To know more about OpenShift Container Platform RBAC, see Using RBAC to define and apply permissions.

For more information about authentication and authorization, see OpenShift Container Platform documentation at Understanding authentication.

The following table displays the RBAC permissions for IBM Storage Fusion HCI System user interface.
Table 1. RBAC for IBM Storage Fusion HCI System users
User interface page or menu option Cluster-admin View user
Events
  • You can mark events as fixed
  • You cannot mark events as fixed
Applications
  • You can assign policies to applications
  • You can restore application backup
  • You can edit application details
  • You can enable or disable applications for disaster recovery
  • You cannot assign policies to applications
  • You cannot restore application backup
  • You cannot edit application details
  • You cannot enable applications for disaster recovery
Backup policies
  • You can add, edit, or delete policies
  • You can add, edit, or delete backup locations
  • You cannot add, edit, or delete policies
  • You cannot add, edit or delete backup locations
Infrastrucure > Compute page
  • Can upsize nodes or add storage disks.
  • Can manage node resources like moving a node to maintenance, power on a node, and so on.
  • Cannot upsize nodes or add storage disks.
  • Cannot manage node resources.
Infrastructure > Network page
  • Can run commands on switches
  • Can add VLANs and Links.
  • Cannot run commands on switches.
  • Cannot add VLANs and Links.

Settings > Call Home page.

  • Can enable IBM Call Home or edit Call Home details.
  • Cannot enable Call Home or edit Call Home details.

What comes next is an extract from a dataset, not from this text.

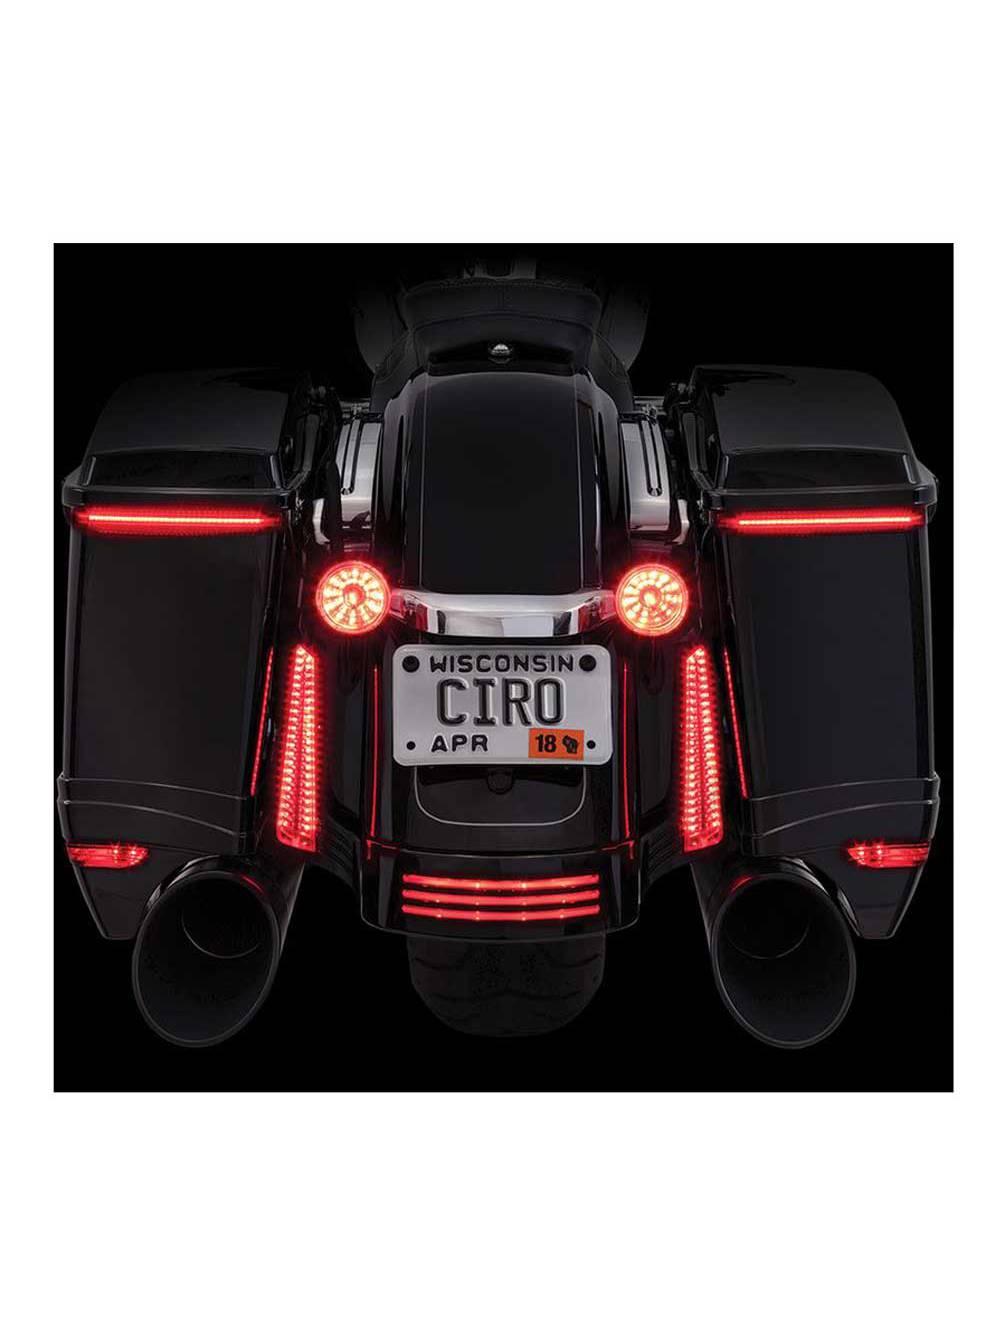 Black Ciro 40023 Filler Panel Lights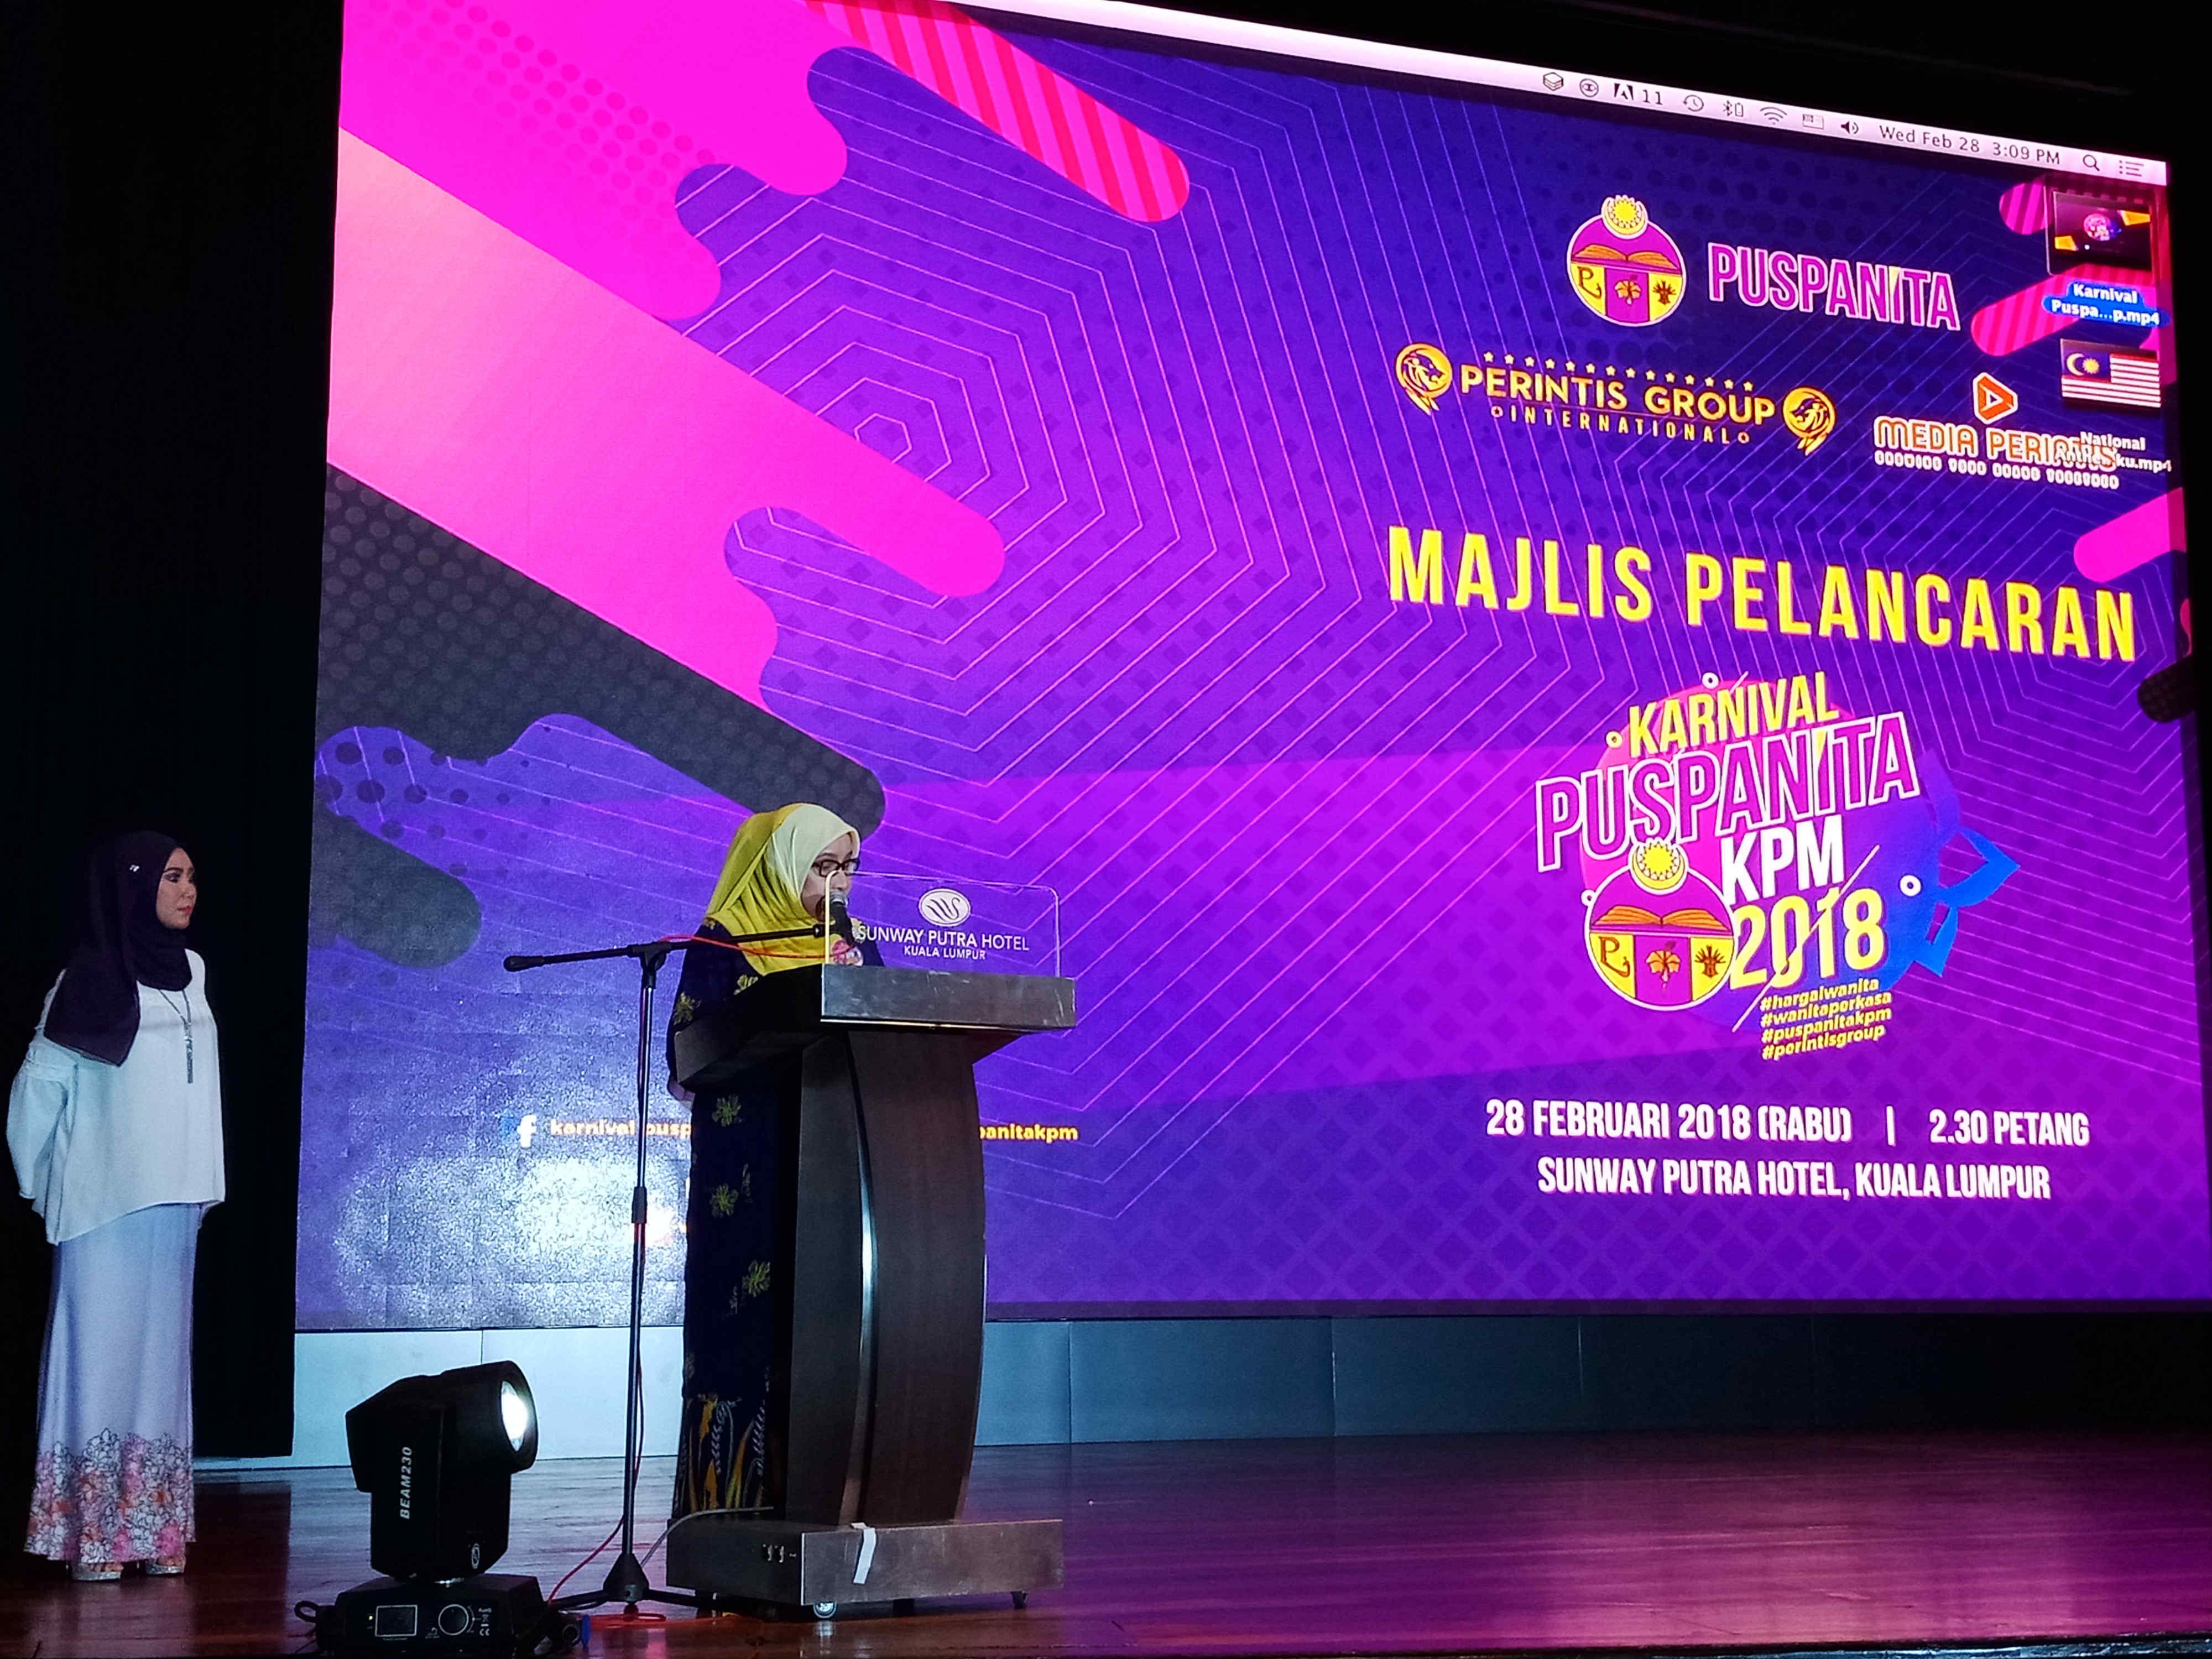 Majlis Pelancaran Karnival PUSPANITA KPM 2018

Settings > Encryption page.

  • Can edit encryption settings.
  • Can delete encryption settings.
  • Cannot edit encryption settings.
  • Cannot delete encryption settings.
From the title bar, click the help icon and select Collect support logs.
  • Can generate logs and log sets.
  • Can enable Call Home.
  • Cannot generate logs or log sets.
  • Can download generated logs.
App Switcher icon in title bar > Storage outbound arrow
  • Can replace disk (pdisk replacement).
  • Can download snap.
  • Can manage events (mark as resolved, fix, hide tip, notification, and others).
  • Cannot configure, modify, or manage the system or its resources.
Disaster recovery
  • Can set up site 1, site 2, and tiebreaker in Metro Sync DR.
  • Can upgrade local, remote and tiebreaker clusters
  • Can failover applications from one site to another
  • Cannot set up site 1, site 2, and tiebreaker in Metro Sync DR.
  • Cannot upgrade local, remote and tiebreaker clusters
  • Cannot failover applications from one site to another
Services
  • Can enable and disable IBM Storage Fusion services
  • Can upgrade IBM Storage Fusion services
  • Cannot enable and disable IBM Storage Fusion services
  • Cannot upgrade IBM Storage Fusion services
Applications icon in title bar >OpenShift outbound arrow For more information about the permissions of the role, see Using RBAC to define and apply permissions.
Note: Menu option is available to navigate to OpenShift console with same login credentials.